2013 Finishing On ‘Soft Note’ As Pending Home Sales Increase Only Slightly

In November, pending home sales stabilized with a slight gain, and monthly increases in the South and West offset declines in the Northeast and Midwest, according to the National Association of Realtors (NAR).

NAR reports that the Pending Home Sales Index (PHSI), a forward-looking indicator based on contract signings, inched up 0.2% to 101.7 in November from a downwardly revised 101.5 in October, but is 1.6% below November 2012 when it was 103.3. The data reflects contracts but not closings.

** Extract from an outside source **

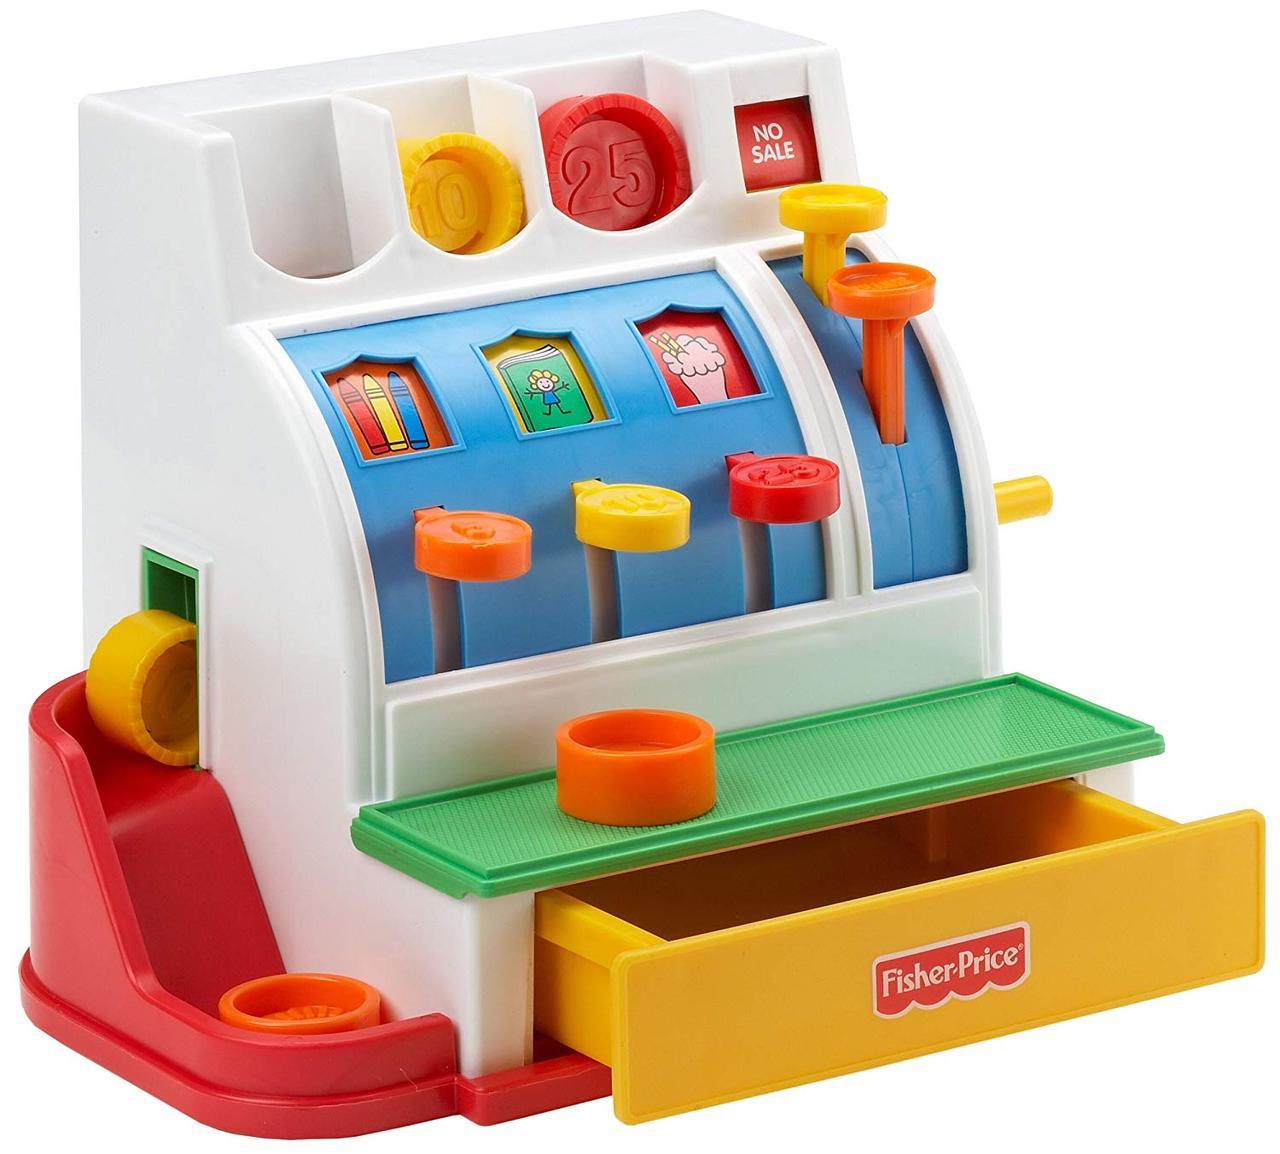 Кассовий аппарат Fisher Price для детей

Lawrence Yun, chief economist for NAR, says the market is flattening: "We may have reached a cyclical low because the positive fundamentals of job creation and household formation are likely to foster a fairly stable level of contract activity in 2014."

He adds, "Although the final months of 2013 are finishing on a soft note, the year as a whole will end with the best sales total in seven years."

Yun also says the market still favors buyers in most of the country, but higher mortgage interest rates, in combination with strong price gains, mean a more modest growth in values is expected in 2014.

NAR reports that the PHSI in the Northeast declined 2.7% to 82.6 in November but is 1.9% above that of a year ago. In the Midwest, the index fell 3.1% to 100.6 in November, but is 0.4% higher than in November 2012.

The data shows that pending home sales in the South rose 2.3% to an index of 116.1 in November and are 0.1% above levels from a year ago. The index in the West increased 1.8% in November to 95.0, but is 8.7% below that of November 2012, in part from inventory constraints.

According to NAR, total existing-home sales this year are expected to reach 5.1 million – a gain of almost 10% over 2012 – but should stay at that level in 2014 and then rise to 5.3 million in 2015.

NAR says the national median existing-home price for all of this year will be close to $197,300 – up nearly 12% from 2012 – but is projected to rise at a more moderate pace of 5% to 5.5% in 2014, and grow another 4% in 2015.